Non è strano che nessun quotidiano ne abbia parlato?

Ecco il comunicato stampa del periodico.

Si stima che il 95 per cento dei cosiddetti “extra vergini” sugli scaffali siano in verità dei semplici “vergini” se non addirittura degli oli “lampanti”.

È colpa della situazione completamente illegale che regna nel mercato dell’extra vergine se l’abbandono degli oliveti e la sofferenza delle aziende olivicole aumenta giorno per giorno.
È impossibile per le aziende agricole competere con i prezzi dell’industria. I produttori agricoli, con i loro prezzi di vendita, sono fuori mercato anche se vendono sottocosto. Merum, in passato, ha accusato ripetutamente l’industria olearia per la falsa denominazione dei loro oli. Il basso livello dei prezzi dell’extra vergine, il crescente abbandono degli oliveti da parte di tanti produttori per gli alti costi di produzione e la bassa redditività è una colpa da attribuire, secondo Merum, all’industria olearia ed una legislazione sbagliata.“Come la maggior parte degli ‘extra vergine’ del supermercato, anche i campioni della fabbrica d’olio Carapelli (Firenze) sono stati giudicati scadenti.
I panel del Laboratorio della Camera di Commercio di Firenze hanno riscontrato che gli extra vergine Carapelli sono denominati in modo errato. Indipendentemente dalla degustazione da parte degli esperti della Camera di commercio, la qualità scadente degli oli Carapelli è stata confermata anche da un ulteriore panel ufficiale (ARPAT/Firenze).”“Invece di denominare correttamente i suoi oli, il gruppo Carapelli, domiciliato a Firenze, se la prende con il singolo esaminatore. … Il modo più efficace per far tacere la stampa critica nella sua attività contro l’anarchia vigente nel mercato dell’olio di oliva, è quello di intimidire gli esperti.”“Fino a quando oli puzzolenti, rancidi e prodotti di qualità superiore che profumano di olive fresche porteranno lo stesso nome, i produttori di qualità in Italia e in tutto il bacino del Mediterraneo non hanno la possibilità di coprire il loro costi.”
“I manager dell’industria dell’olio sanno cosa significherebbe per loro una differenziazione dell’offerta dell’olio. Se il consumatore avesse libera scelta tra la massa e la classe, questo potrebbe significare una minaccia per il loro giro d’affari.”

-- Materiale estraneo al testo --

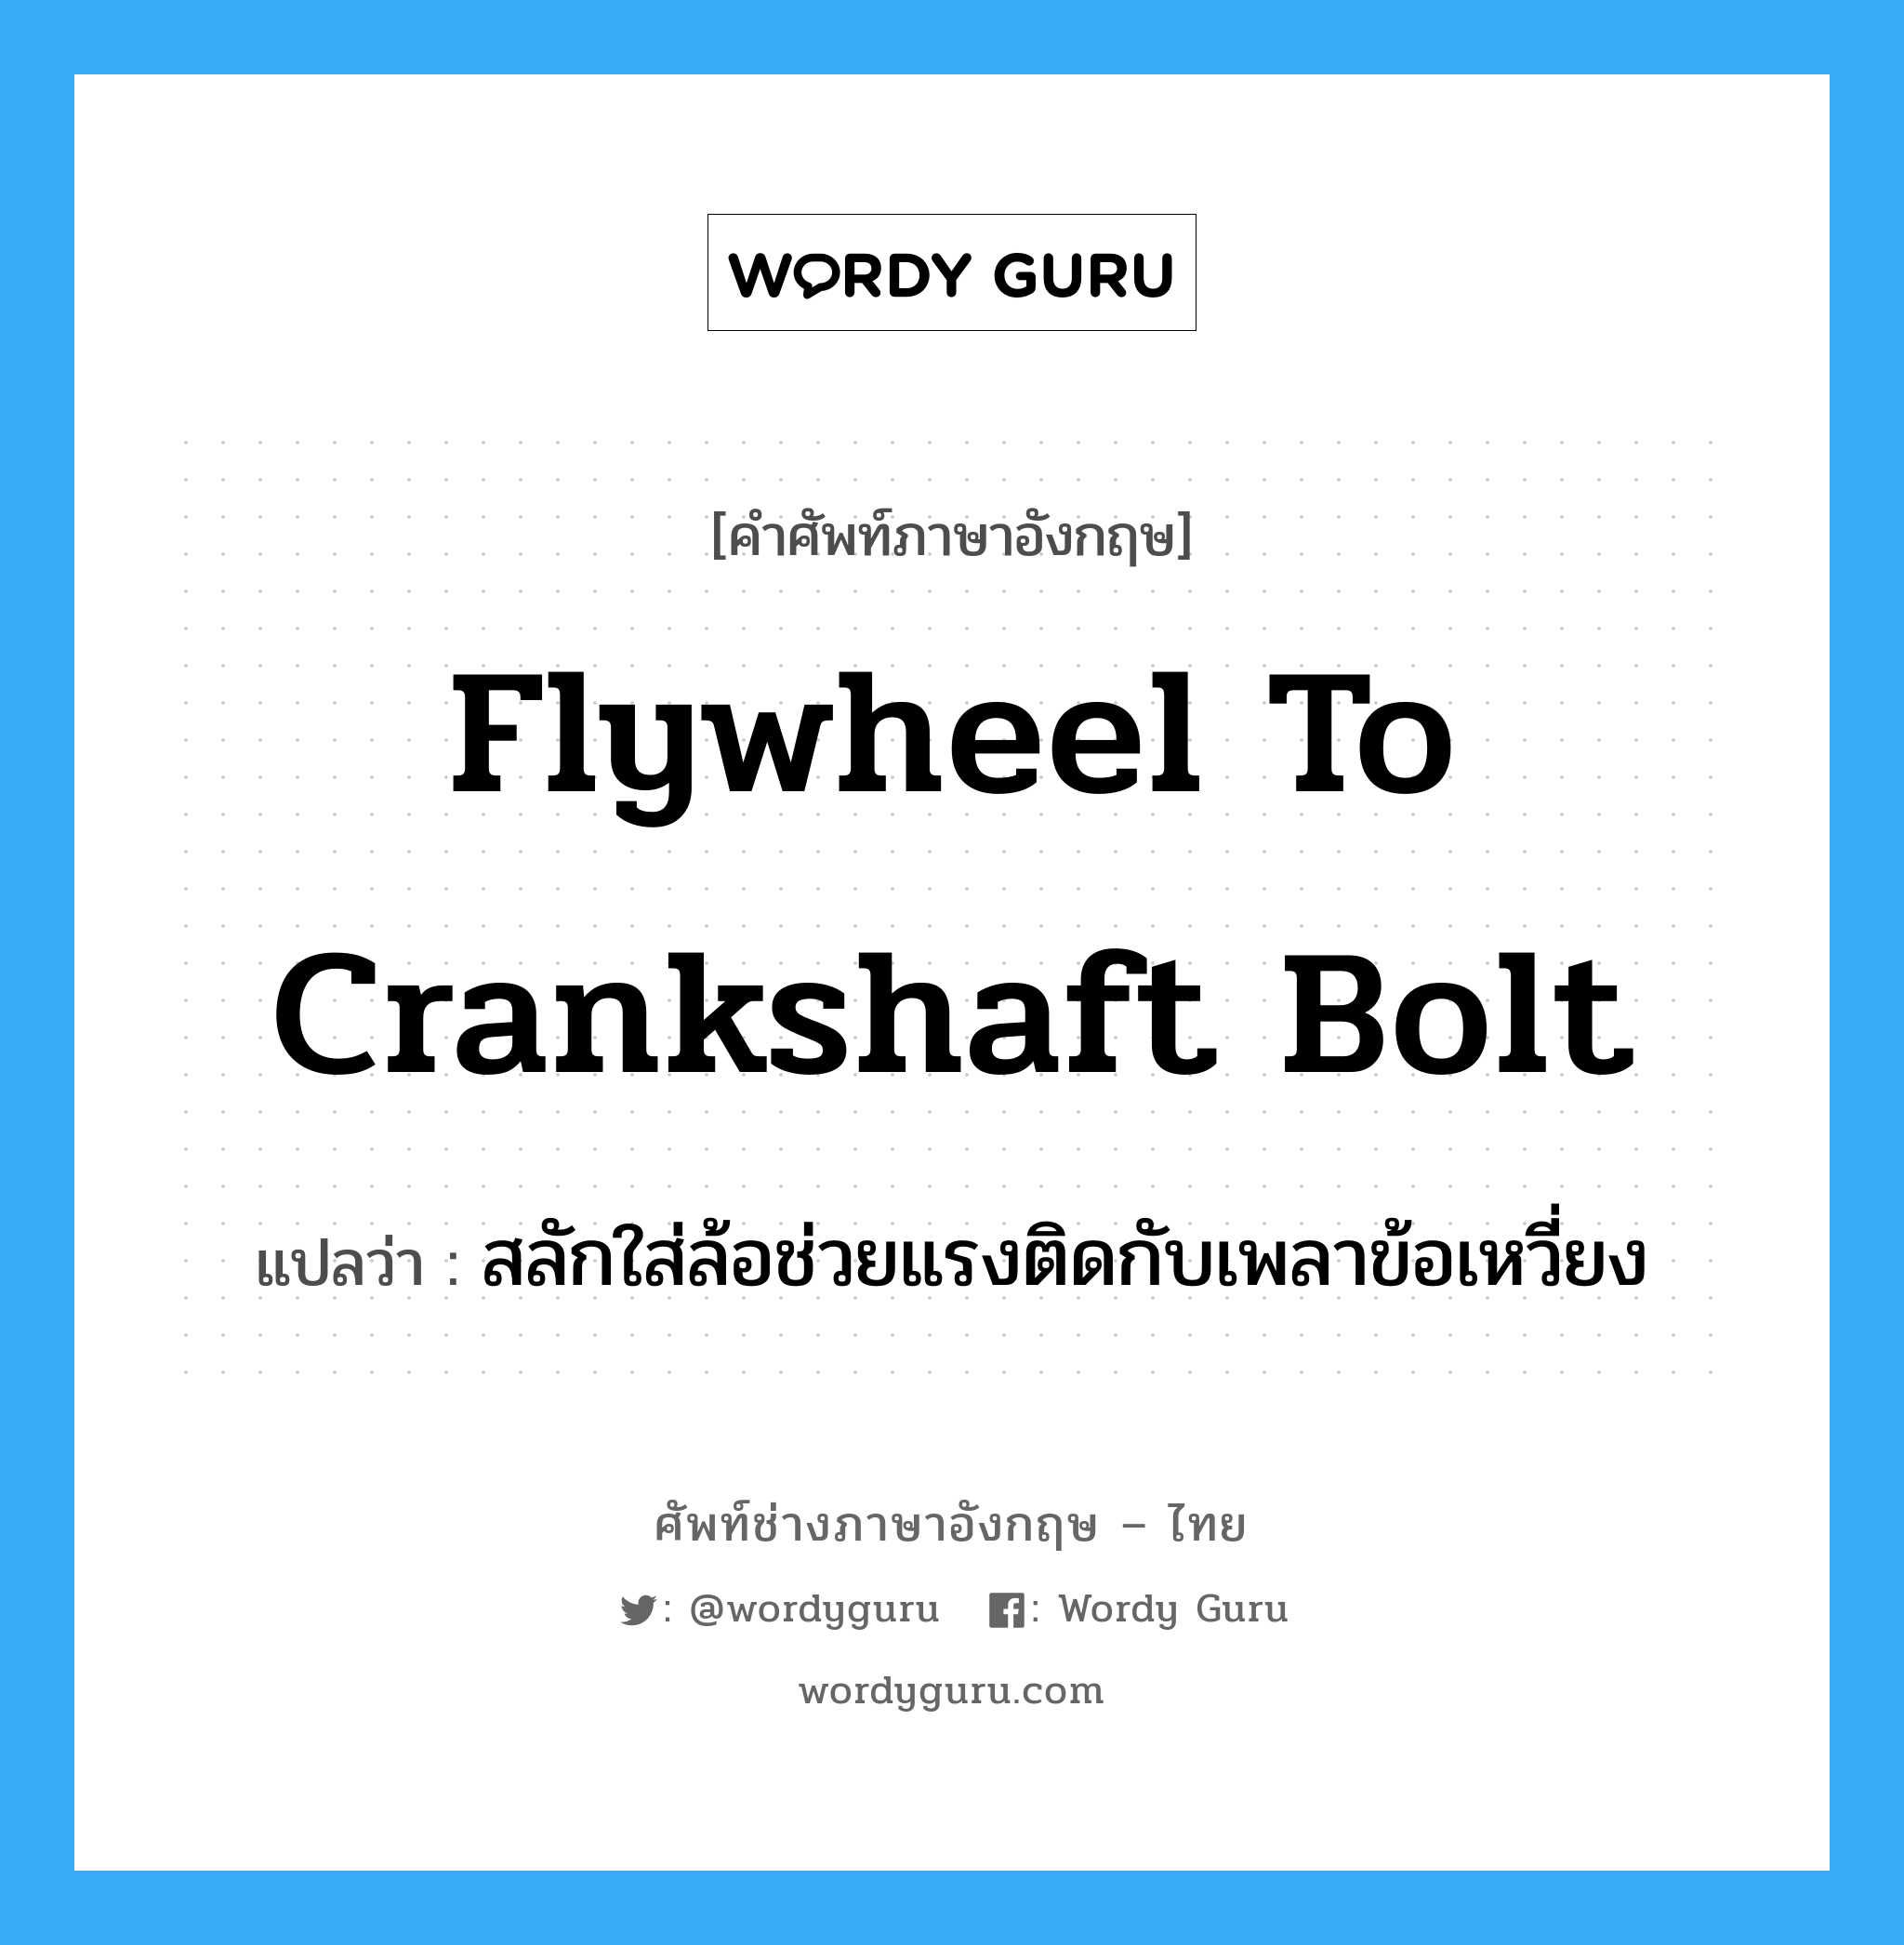 flywheel to crankshaft bolt แปลว่า?, คำศัพท์ช่างภาษาอังกฤษ - ไทย flywheel to crankshaft bolt คำศัพท์ภาษาอังกฤษ flywheel to crankshaft bolt แปลว่า สลักใส่ล้อช่วยแรงติดกับเพลาข้อเหวี่ยง

Edit: Grazie al giornalista Andreas März di Merum, possiamo leggere l’articolo, è in tedesco, ma la tabella con i giudizi che ci interessano è comprensibile. Merum 2007_5_Dossier_Olio[1]

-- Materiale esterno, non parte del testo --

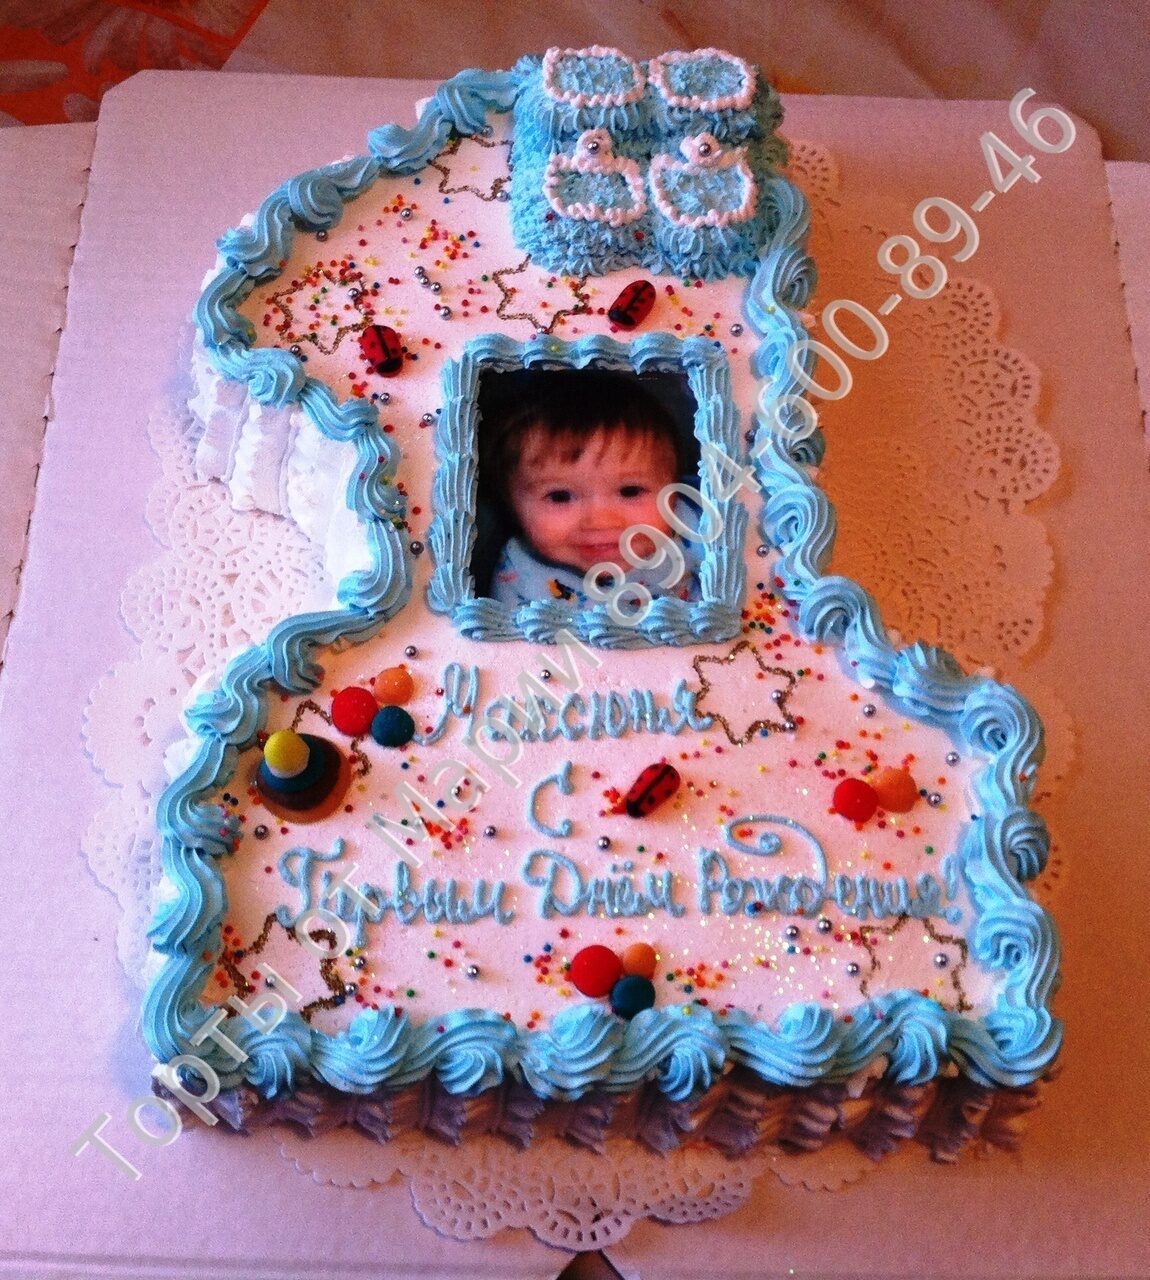 Как оформить торт на день рождения ребенка

Fonti: andreapagliantini.simplicissimus.it Parco dei buoi nove.firenze.it


14 commenti on “Dossier Olivenöl: gli oli extravergine nei supermercati tedeschi”

  1. riccardo ha detto:

    E pensareche siamo sempre pronti a dare contro agli altri, perché imitano i nostri prodotti. Magari esistono in commercio olii tunisini assai migliori…

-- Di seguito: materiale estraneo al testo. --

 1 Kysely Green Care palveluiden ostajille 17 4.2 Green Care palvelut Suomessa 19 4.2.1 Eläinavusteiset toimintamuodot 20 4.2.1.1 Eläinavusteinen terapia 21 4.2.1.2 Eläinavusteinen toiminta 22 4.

  2. Gianna Ferretti ha detto:

    Ho inserito il pdf dell’articolo, grazie al giornalista Andreas März di Merum.

    Fai clic per accedere a Merum-2007_5_Dossier_Olio1.pdf

  3. Stefania ha detto:

    In risposta a Riccardo – non e’ la provenienza geografica che necessariamente fa un olio migliore dell’altro. Il problema sta nel fatto che quando qualcosa e’ prodotto su larga scala – ovvero dall’industria piuttosto che dal piccolo produttore – e’ molto facile immettere sul mercato qualcosa che non e’ di qualita’ ottimale e con un’etichettatura banale e poco chiara. Non scordiamoci che l’etichettatura e’ un’autoregolamentazione e che normalmente gli organi competenti indicano cosa NON si deve fare : ad es. (dal sito del ministero)

    – indurre in errore l’acquirente sulle effettive caratteristiche, qualità, composizione, e luogo di origine del prodotto;
    – evidenziare caratteristiche come particolari, quando tutti i prodotti alimentari analoghi le possiedono;
    – attribuire all’alimento proprietà atte a prevenire, curare o guarire malattie, nè accennare proprietà farmacologiche. Molte forme di pubblicità insidiose ed ingannevoli si concretizzano aggiungendo in etichetta delle aggettivazioni atte ad esaltare indebitamente un prodotto: – “genuino” per un formaggio, “naturale” per un miele, come se fosse lecito produrre le corrispondenti tipologie “adulterato” o “artificiale”;
    – non si può indicare in etichetta che una grappa “fa digerire” o qualificare un miele “iperenergetico, indicatissimo nello sport e nel superlavoro”.

    La promozione del commercio internazionale ha in un certo senso facilitato il sorgere di questi problemi di etichettatura. E il piccolo produttore, manco lui e’ infallibile! certo, non siamo rassicurati al 100% neanche dal piccolo produttore se non conosciamo personalmente i suoi metodi produttivi, ma la grande differenza e’ che non copre un mercato vasto e quindi i ‘danni’ sia per i consumatori che per il settore stesso sono molto inferiori. Quindi puo’ pure darsi che ci siano olii tunisini migliori, se prodotti in un certo modo, ma non e’ detto che offrano le dovute garanzie. Fra l’altro l’industria agroalimentare – come forse mi e’ capitato di commentare in altri posts – si sta spostando in Africa proprio per l’assenza di regolamentazione, che fa il ‘business’ cosi’ facile per l’esportazione. Gli stati del Nord Africa, ad es. si stanno specializzando proprio nell’industria della conservazione: alici sott’olio, ad es. , poi capperi, olive. E poi arancia etc. E’ noto a molti (almeno qui in UK), ad es., di come il re del Marocco stia incentivando gli investimenti di ogni tipo, a partire dall’immobiliare a quello industriale (il che attira molto capitale straniero).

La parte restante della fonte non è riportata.